There’s quite a few of us, and it’s a big tent, and one of the problems with any kind of big tent is people wish to define it not only by who is inside, but who is allowed to be. There are those who define Gamer as those who play the games they play. Be it the D&D old guard who rail against the onslaught of video games; be it the “Hardcore” videogame Call-Of-Madden’s-Duty types who rage against those who play Candy Crush on their iPhones; or be it the Nintendo-Sony-XBox-PC Triple-A purchasing crowd of mostly american white males who desperately want to keep this one last bastion treehouse free of girls.

All of them, without question, excuse or exception, can fuck directly off.

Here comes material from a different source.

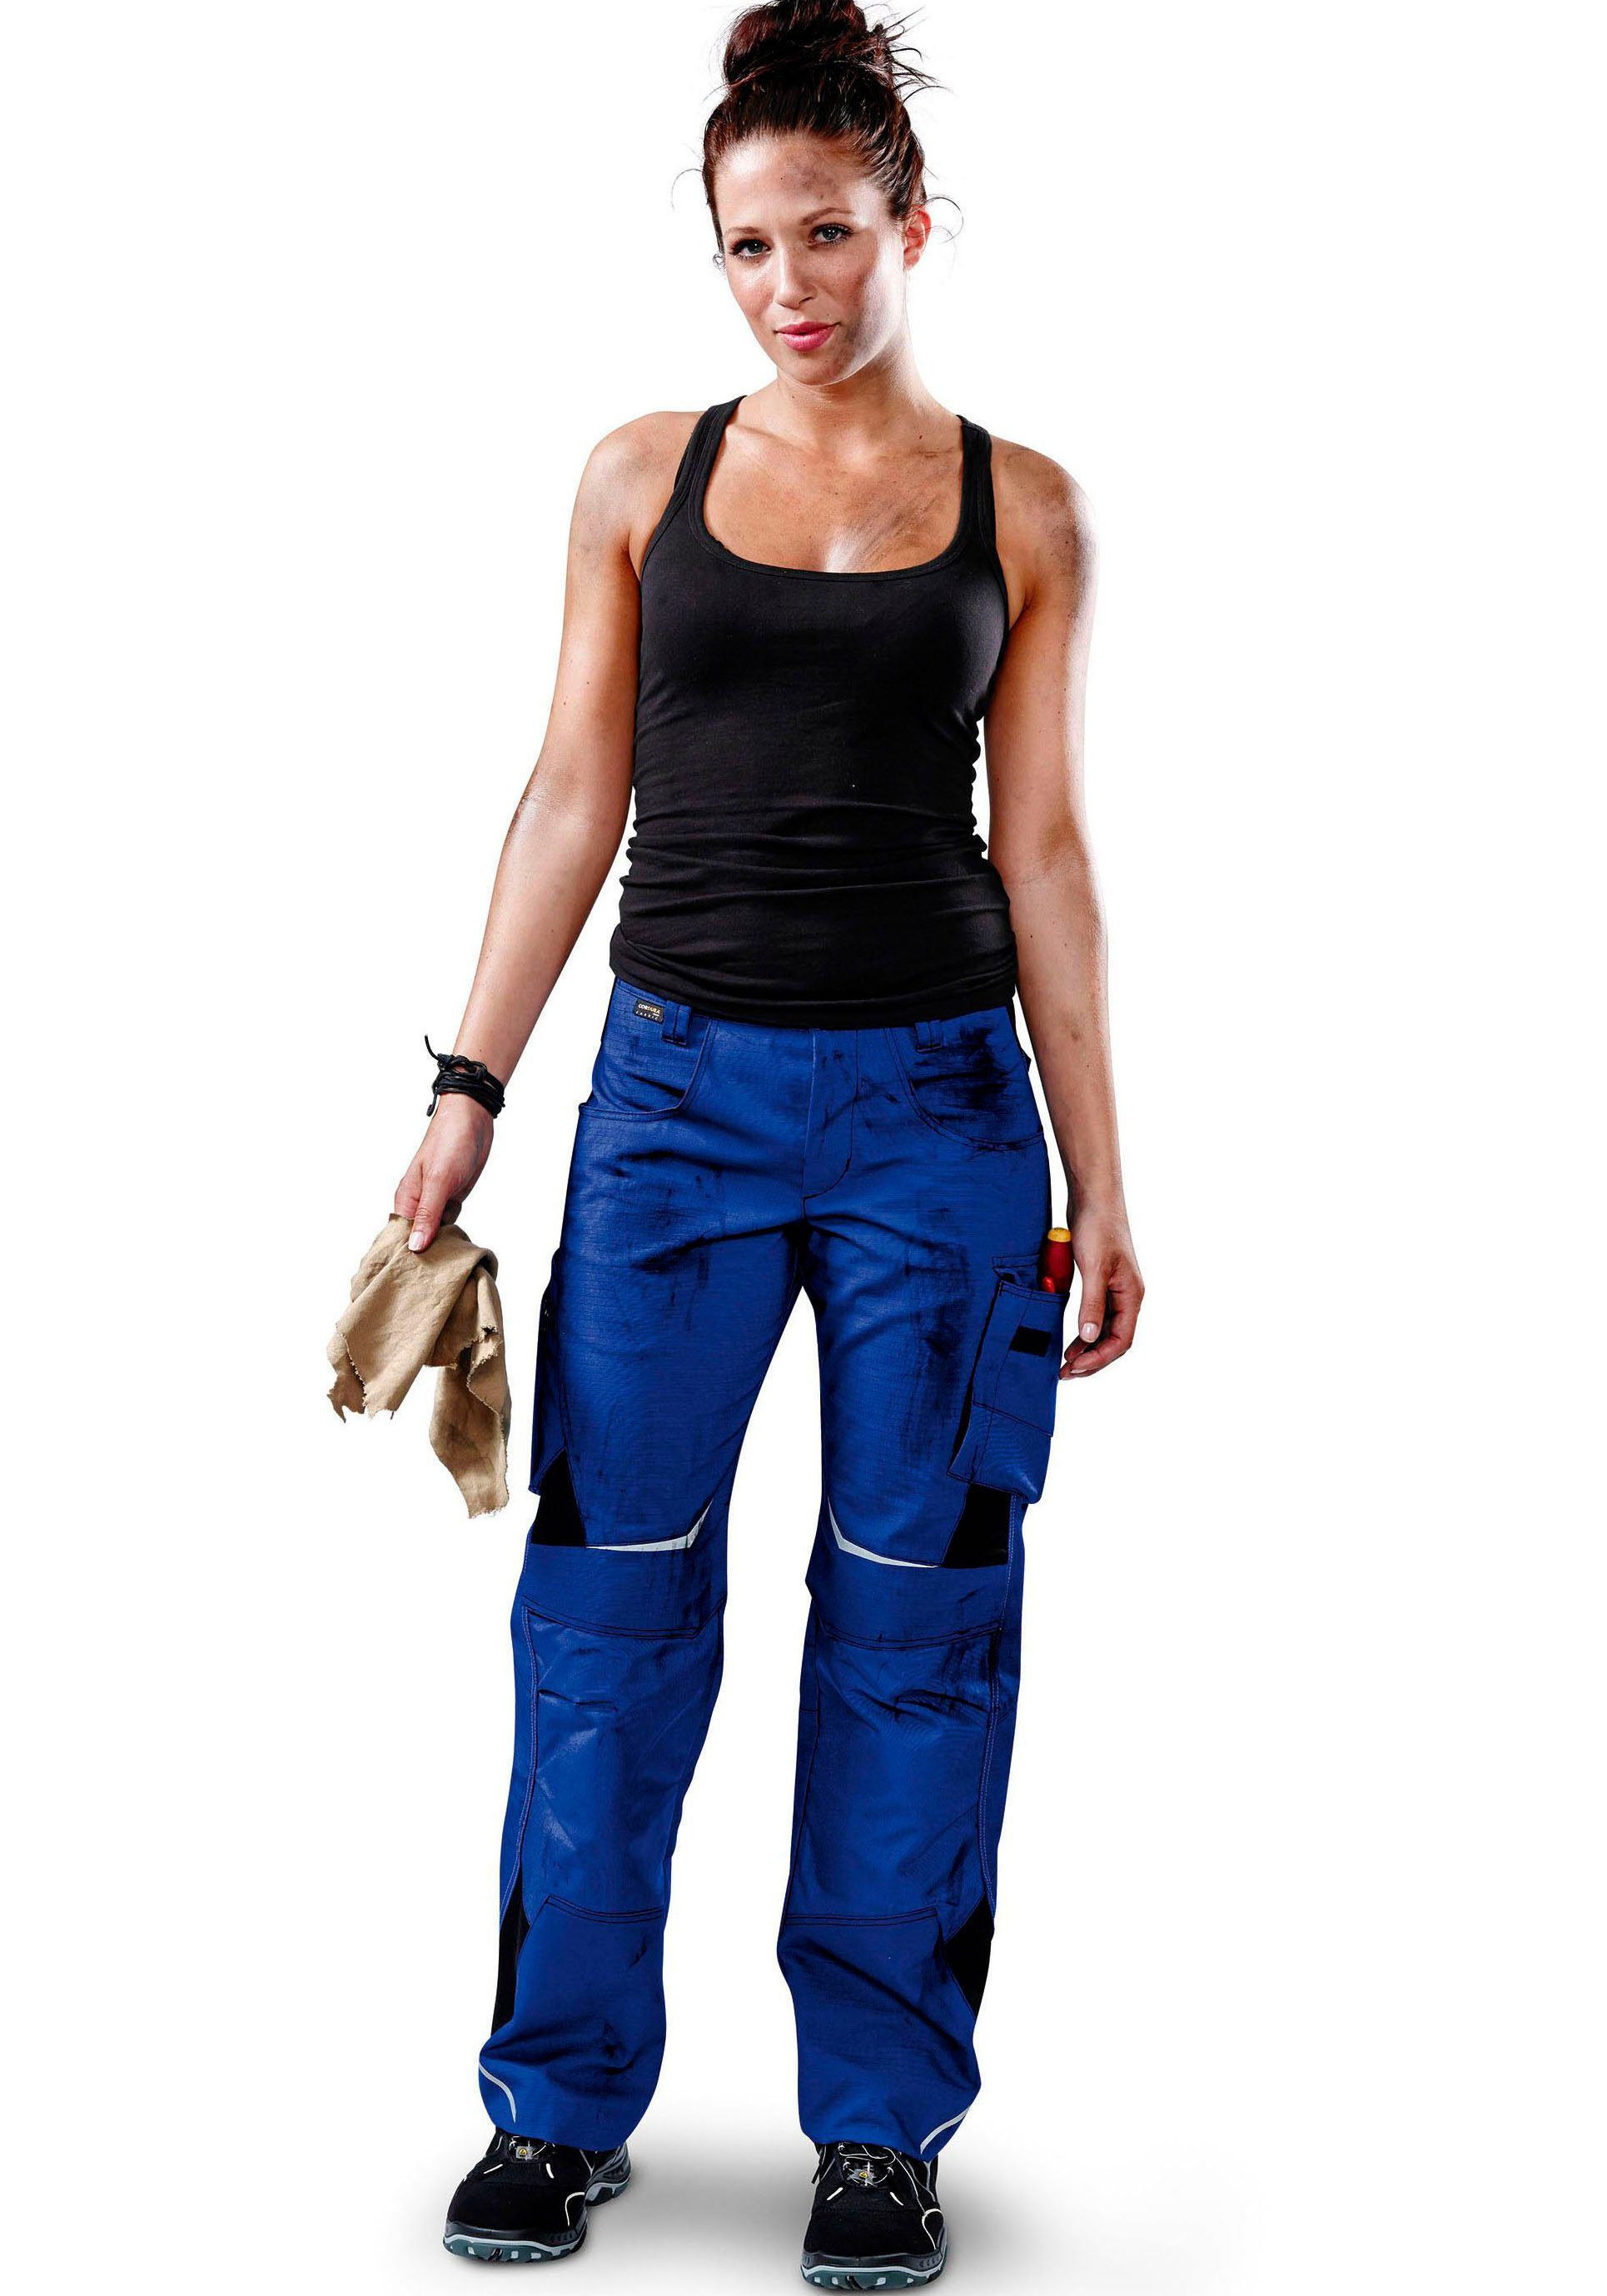 Kübler Arbeitshose PULSSCHLAG Damenhose HIGH PSA 2 Schmutz- und wasserabweisend kbl.blau/schwarz | Arbeitshosen

I’m not a great spokesperson for gamers. I’m another 30s white male. I have a distressing beard that doesn’t really suit me (currently, because I’m lazy), I’m out of shape. But I try my damnedest to make the world more inclusive, not less, to speak up when speaking up is needed, and to hand over the megaphone when it’s automatically given to me. (This latter is hard, I adore my megaphones). But I can only name less than half a dozen female games designers, and a few of those are only because I remember the last rounds of “N is abused on twitter for having an opinion/game”.

I’d like these shit-golems not to not be sharing the same label I use for myself, but I’m not willing to leave it to them.  I would like the carbon they are made of to be used for more worthwhile purposes, like diamond-studded “FUCK YOU” statues. 

I want them to move into the new century, to realise that more diversity, more options, more variation will make better games. I want them to realise that not all games need to be defined and categorised by their combat mechanic, and that games where you kill nobody are still games. I want them to discover the beauty in the last half hour of Dear Esther, Gone Home, The Stanley Parable. To realise that Depression Quest is not about winning. That Every Day The Same Dream does not need a first-person-shooter remake. Not even to like them, to play them, to enjoy them; but to understand that they exist, they don’t take away from the Games they prefer (and, in fact, can add to them).

It’s a big tent, and we can make it stronger by getting more canvas, putting up more poles, and inviting everyone inside to play together, or not together, but at the same time. 

And to please stop being misogynistic shit-golems. That’d be great too.